**EXERCISE DESCRIPTION**
If pictures appear among the lines below, leave them out while you return exactly the lines from the one with "Атомная подводная лодка" through the one with "woman doing makeup".

**PROVIDED MATERIAL**
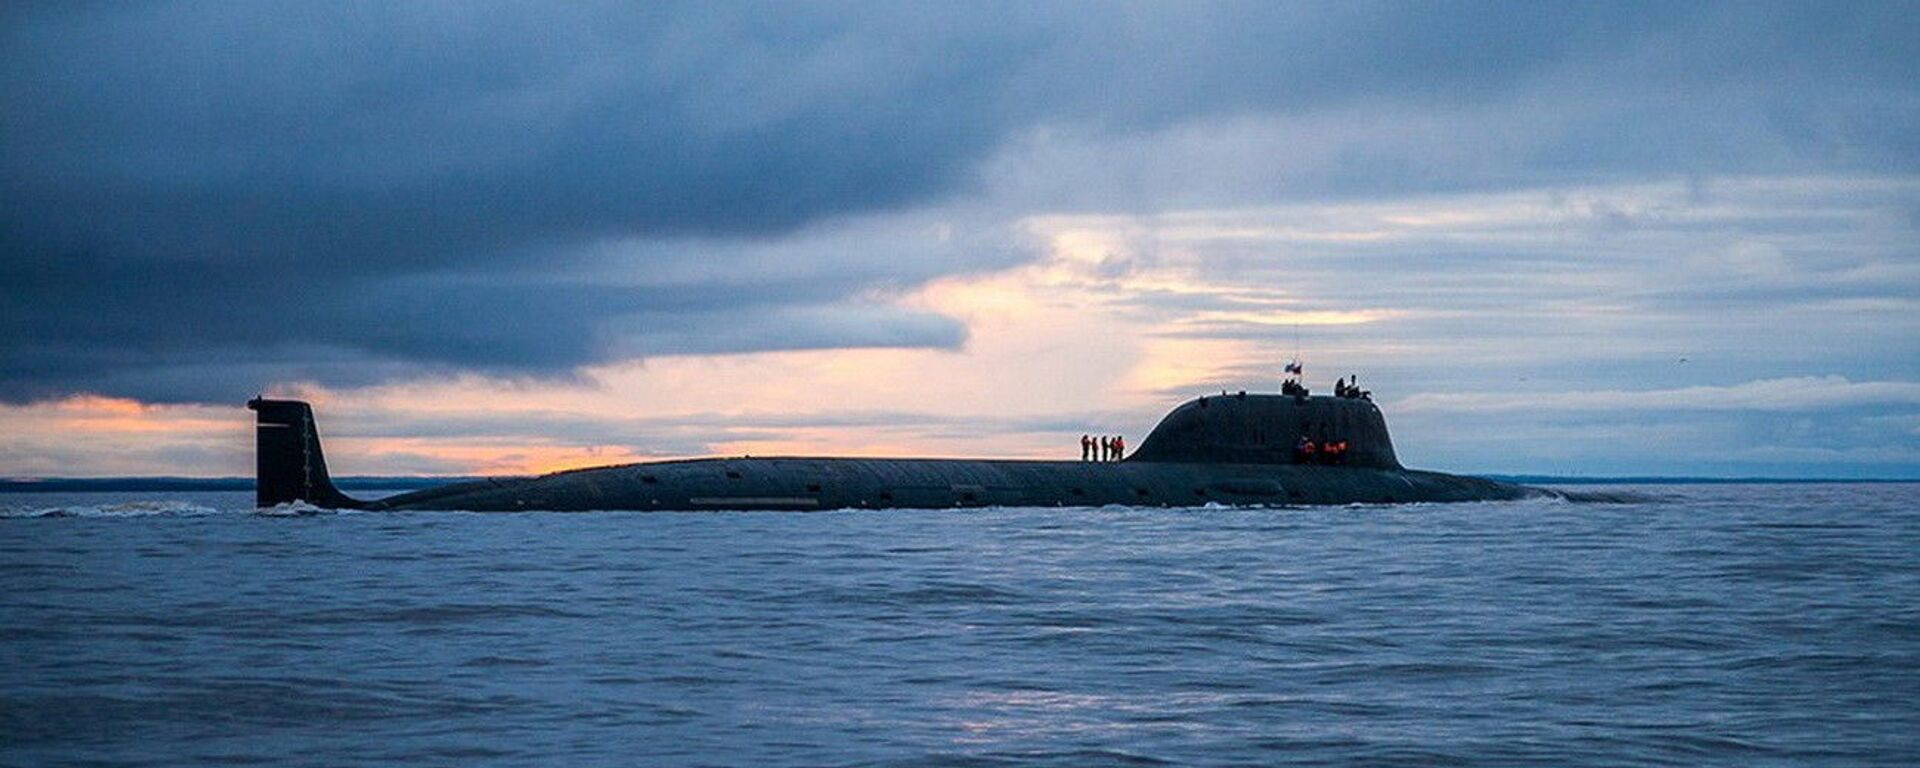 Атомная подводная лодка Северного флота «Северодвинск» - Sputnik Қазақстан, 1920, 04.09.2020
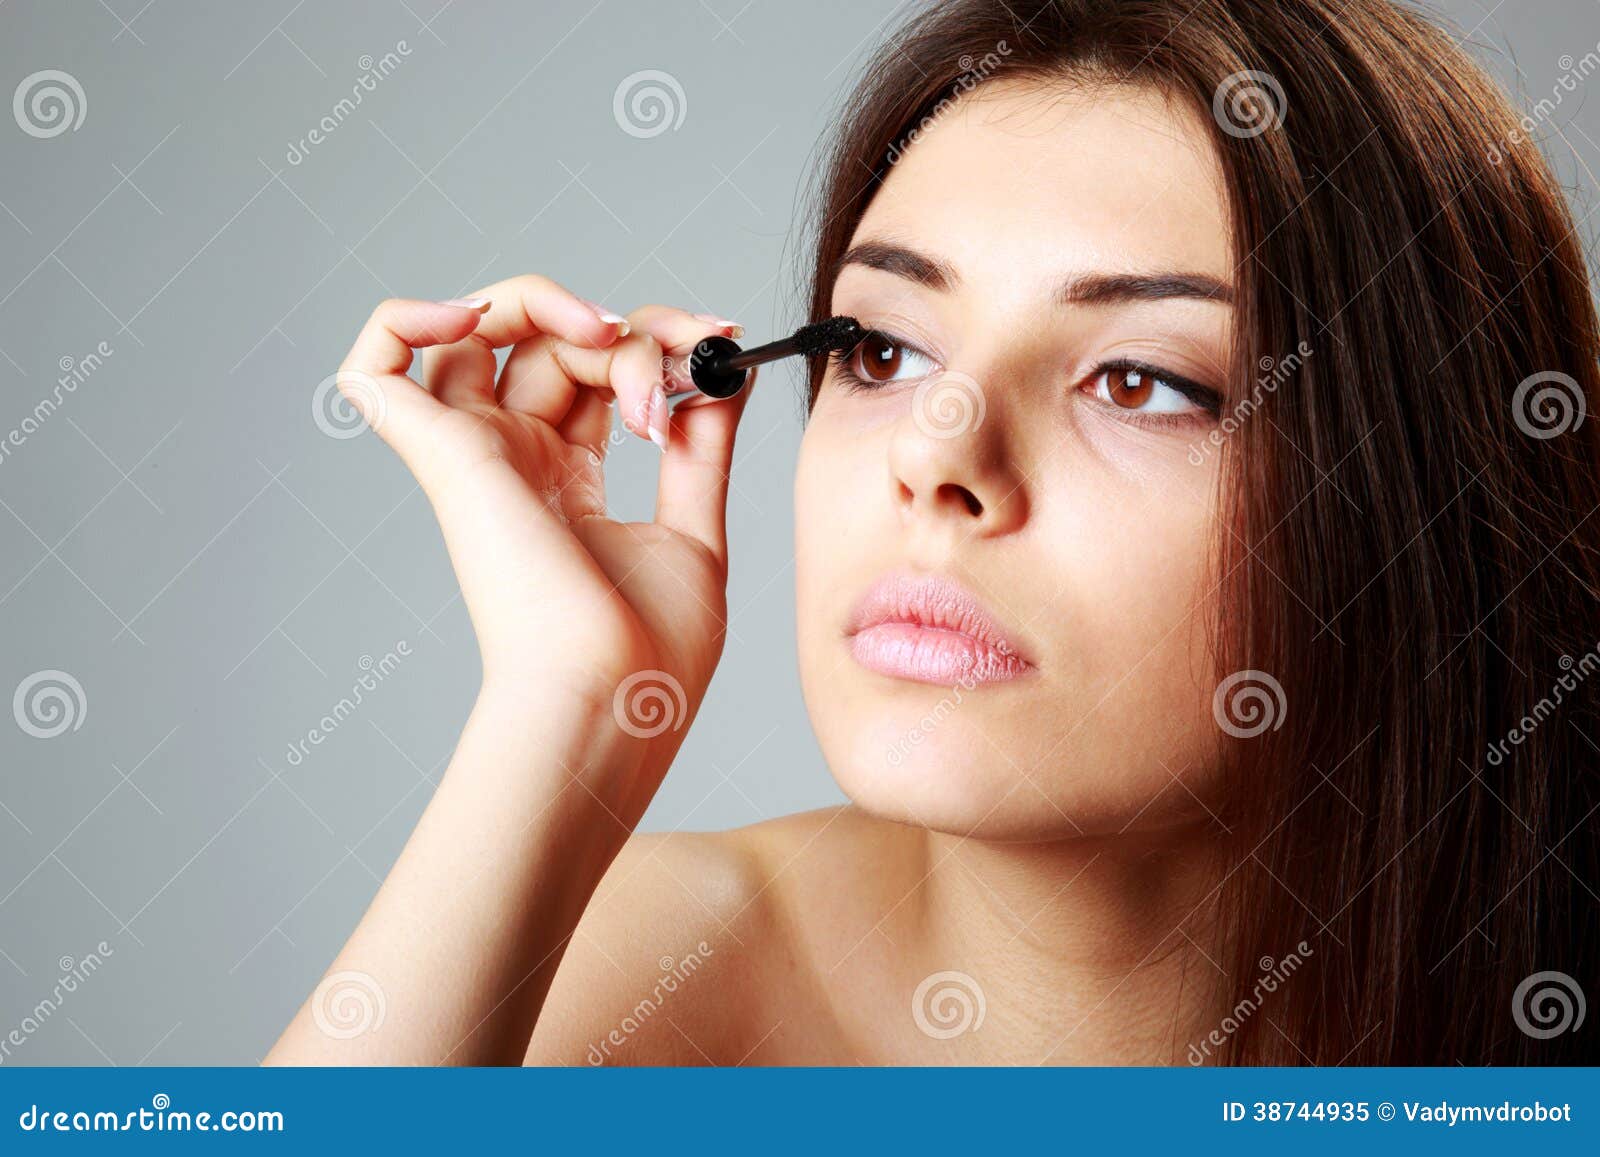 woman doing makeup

...

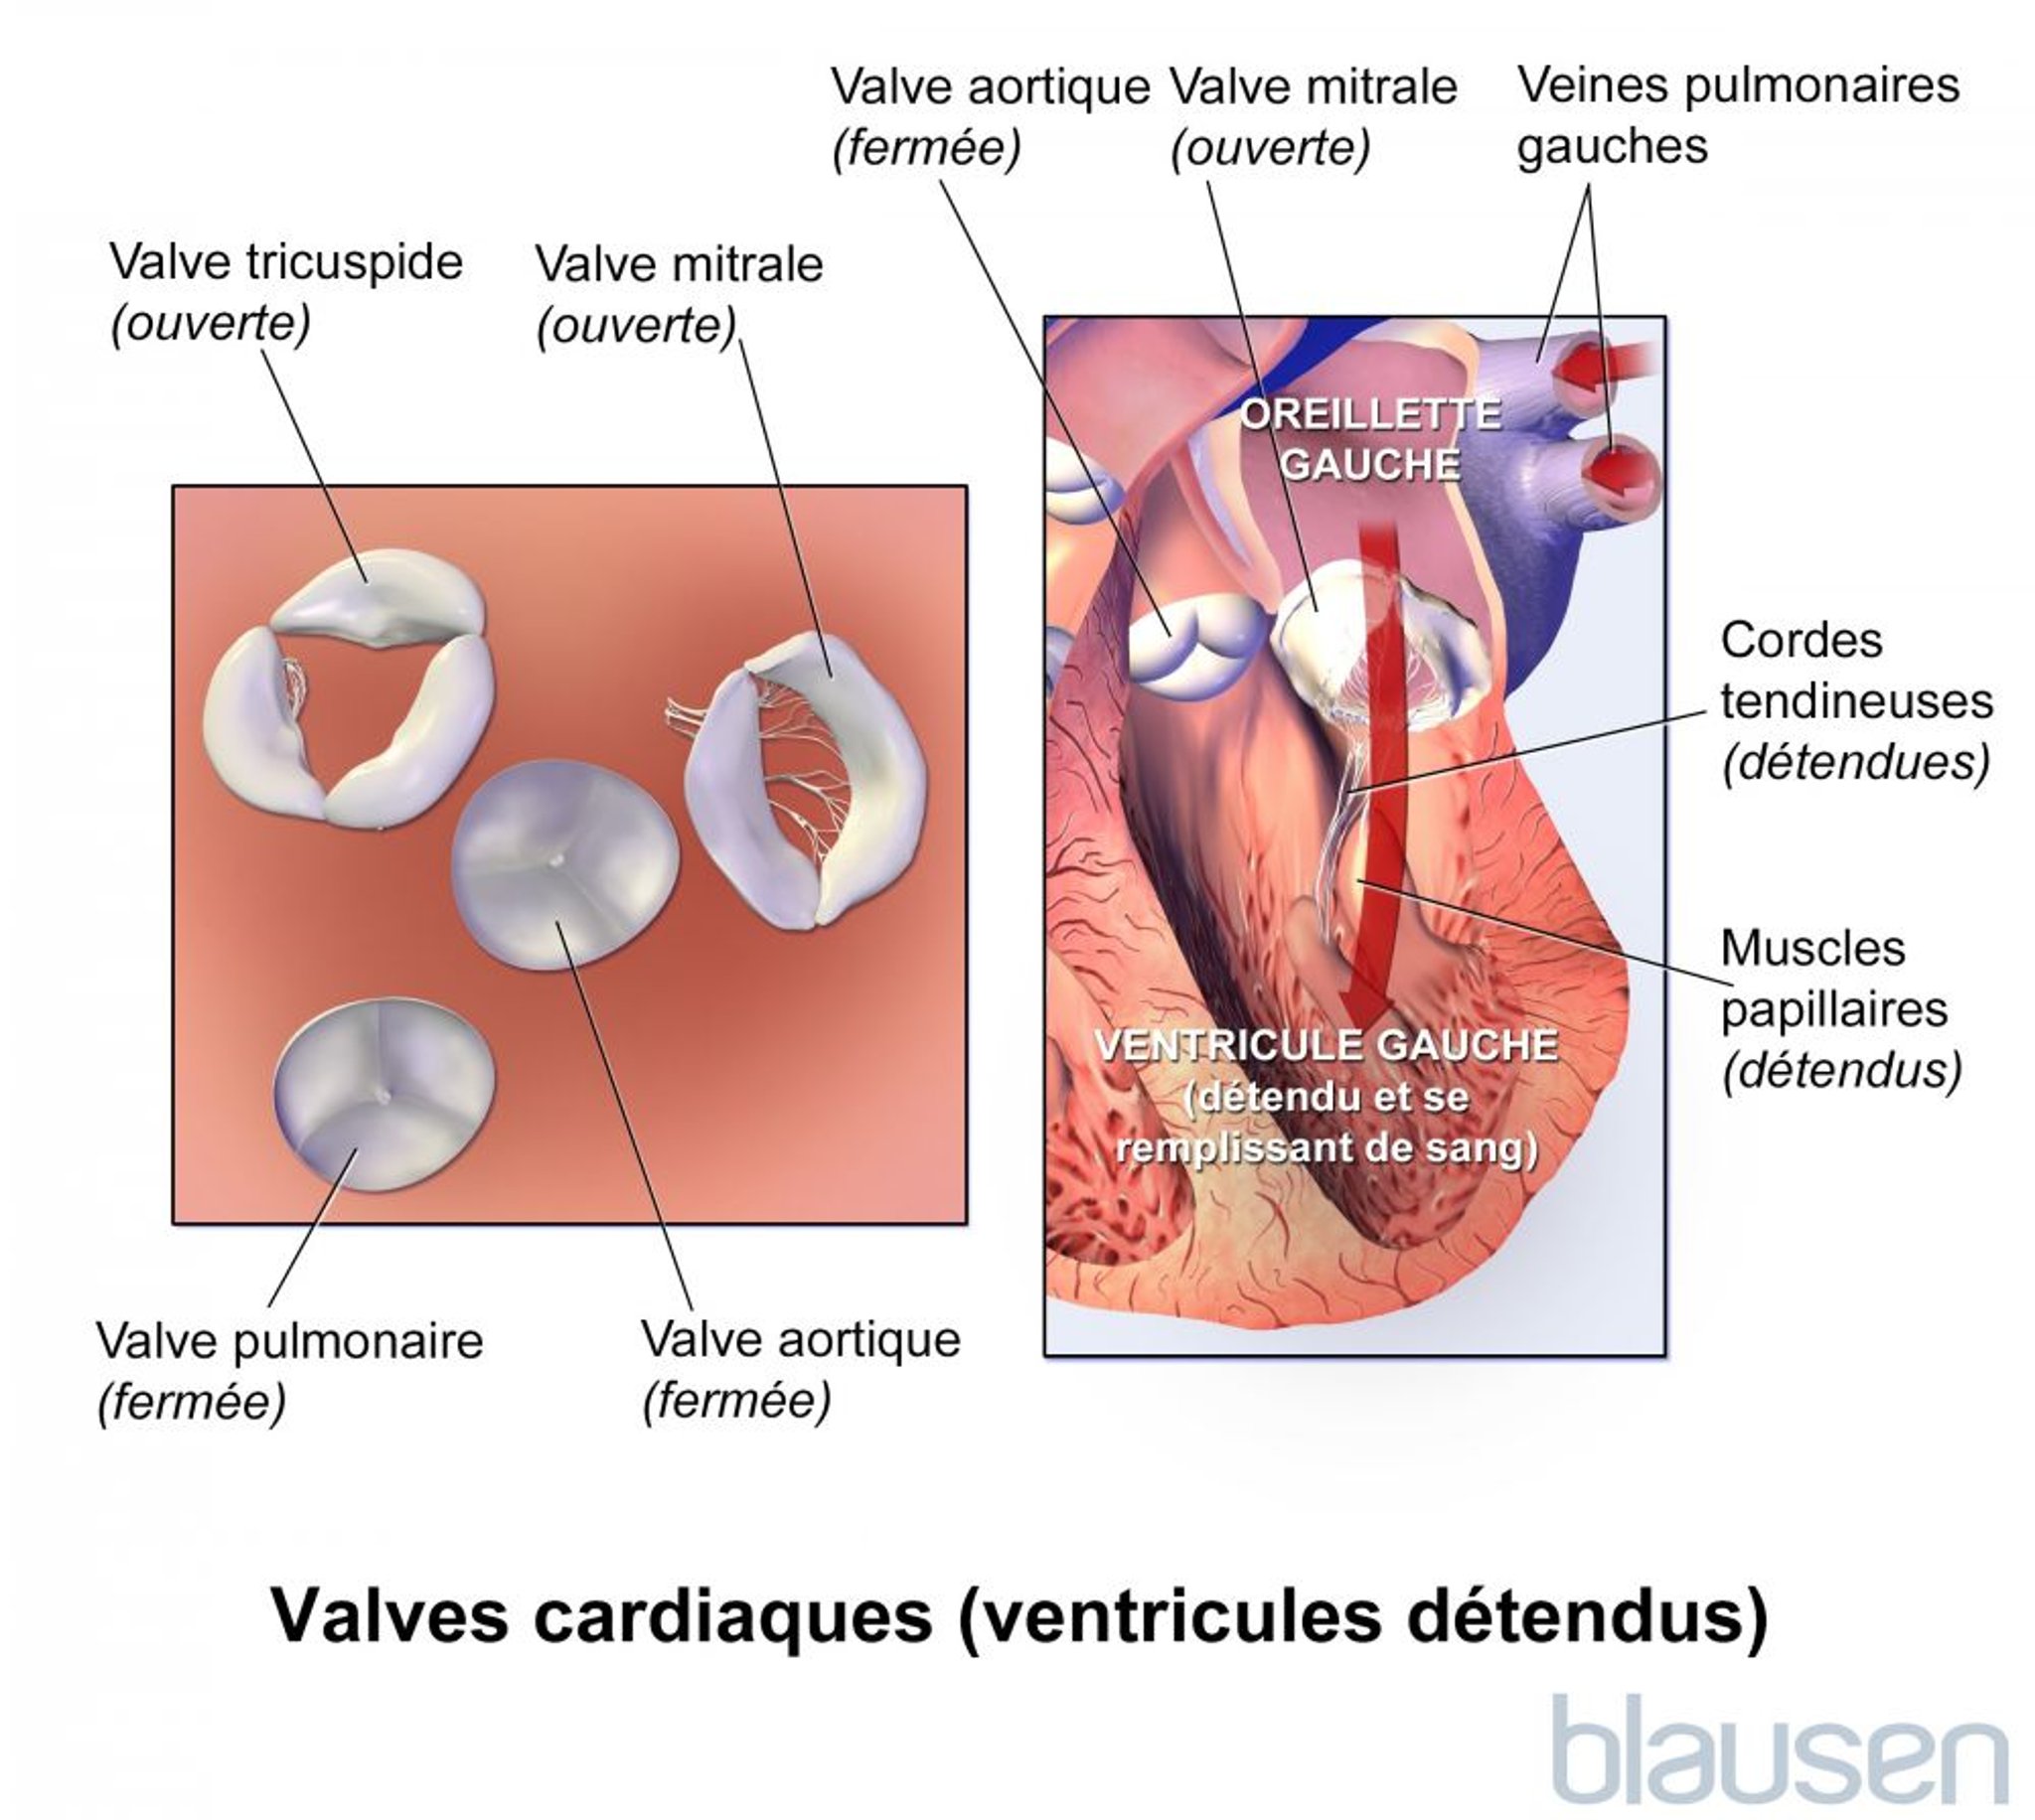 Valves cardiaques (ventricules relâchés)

**SOLUTION TO THE PROBLEM**
 Атомная подводная лодка Северного флота «Северодвинск» - Sputnik Қазақстан, 1920, 04.09.2020
 woman doing makeup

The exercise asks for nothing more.